Investigan si el menor asesinado fue ultimado en intento de robo

El chico de 14 años que ayer a las 2.30 fue encontrado muerto, tirado en una calle de barrio Anacleto Medina de Paraná, a cuatro cuadras de su casa, podría haber sido víctima de una persona que lo persiguió tras un intento de robo, informaron fuentes de la investigación. Le dispararon por la espalda desde 10 metros de distancia, con una escopeta o una tumbera.Eran las 2.30 ayer cuando un vecino de calles Luis Palma y Patrono San Miguel, en el sudoeste de Paraná, volvía a su casa y encontró a un adolescente ensangrentado y tirado en el piso. El hombre llamó al comando radioeléctrico, y en pocos minutos llegó un patrullero para constatar que se trataba de un muchacho muy joven, y que estaba sin vida.
En minutos el barrio Anacleto Medina se llenó de policías. Los peritos que trabajaron en el lugar corroboraron que el menor había sido asesinado de un escopetazo en la parte izquierda de la espalda, y que los perdigones habían salido por un costado y por la parte delantera del tórax.
Por el tipo de municiones y las marcas dejadas en el cuerpo por el disparo, la Policía presume que podría tratarse de un arma de fabricación casera, tipo tumbera.
Debajo del puño del buzo el menor tenía escondido un destornillador, lo cual hizo pensar que podría haber intentado abrir una puerta o robar algún objeto.

Averiguación.

Varias horas le llevó a los efectivos de Homicidios saber quién era la víctima. Por la mañana pudieron establecer que se trataba de Ramón Fernando González, un chico de 14 años domiciliado en calle Los Minuanes, a cuatro cuadras de donde cayó muerto, y que el miércoles a la noche había sido visto con un grupo de amigos en la plaza del barrio Anacleto Medina.
No fue sencillo obtener datos en la zona. Por el horario en que ocurrió el homicidio, por la poca colaboración de quienes vieron algo y podrían aportar datos, reacios a comprometerse.
Cerca del mediodía una tía de la víctima reconoció el cadáver en la morgue. Explicó que el chico vivía con la mamá y cinco hermanitos.

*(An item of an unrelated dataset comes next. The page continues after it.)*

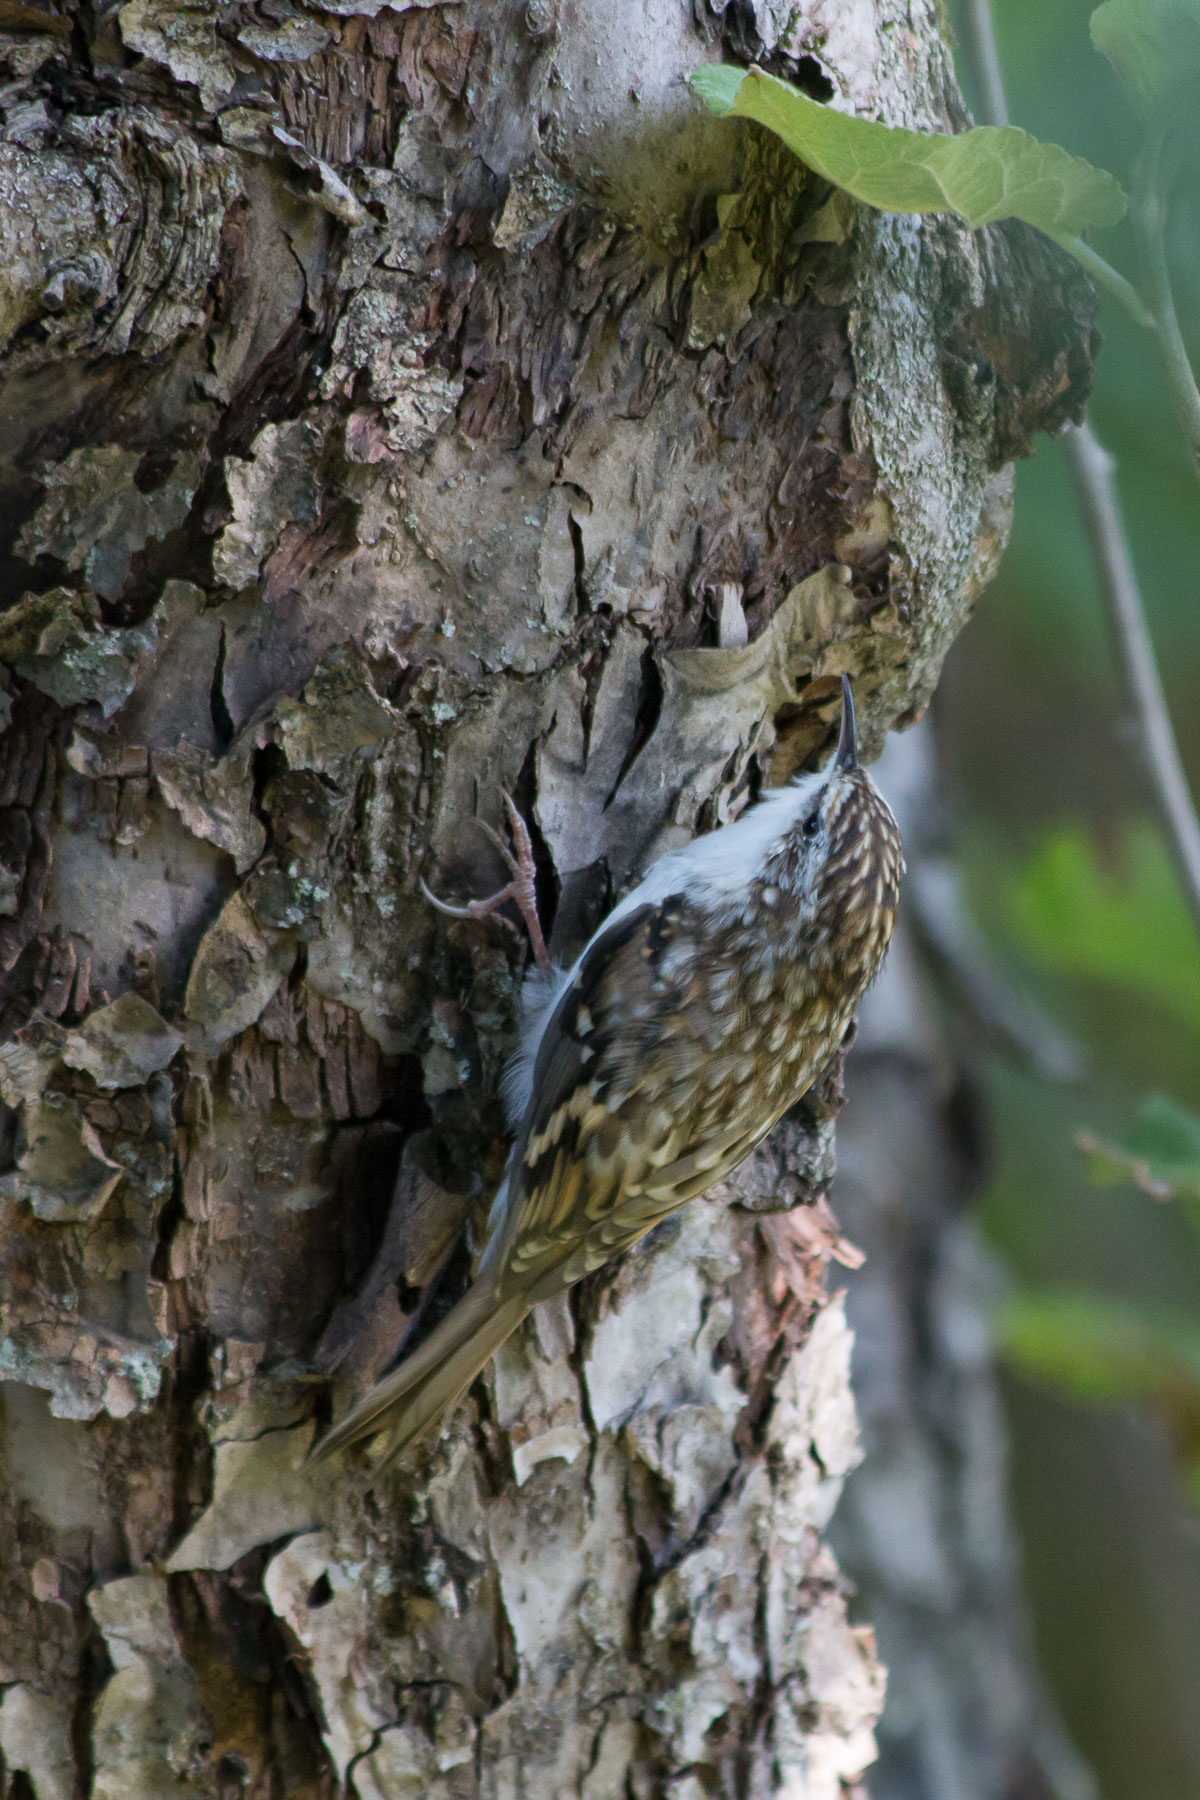 Обыкновенная пищуха (Certhia familiaris). Автор фото: Сутормина Марина

La madre no estaba en Paraná al momento del hecho, dado que habría viajado a Gualeguay para visitar a un hombre que está alojado en la cárcel de esa ciudad.
Cerca del mediodía, el director de Investigaciones, comisario general Carlos Schmunk  dijo  que se habían logrado algunos testimonios de importancia, y que la Policía confía en identificar al o los autores del hecho en pocas horas.

Hipótesis

Ayer a última hora, otras fuentes consultadas por esta Hoja revelaron que todas las pruebas reunidas por orden del juez de Instrucción Carlos Ríos fueron orientando la investigación hacia un posible intento de robo. “El chico habría intentado abrir una puerta o robar algo en una casa de esa zona, y aparentemente lo persiguieron a los tiros” explicó un oficial de Policía. El personal de la División Homicidios interrogó a varios testigos y anoche había expectativas de encontrar a algún joven que haya estado en el lugar junto a González, en el momento del disparo fatal.

Abandono

La investigación sobre la identidad del menor asesinado sacó a la luz una realidad muy cruda, de una vida corta y dolorosa. El chico que cayó muerto ayer de madrugada tenía, pese a su escasa edad, una historia de pobreza y abandono. “Aparentemente no conoció a su papá. Vivía con varios hermanitos, pero pasaba la mayor parte del día solo y en la calle. Estuvo internado un tiempo en el hogar de Viale por problemas de conducta”, reveló uno de los policías que trabajan en el esclarecimiento del caso.
Algunos vecinos –incluso sus amigos, que fueron interrogados por la Policía—explicaron que tenía muchos problemas y en los últimos tiempos estaba muy complicado con las adicciones. Una vida muy breve, y demasiado dura.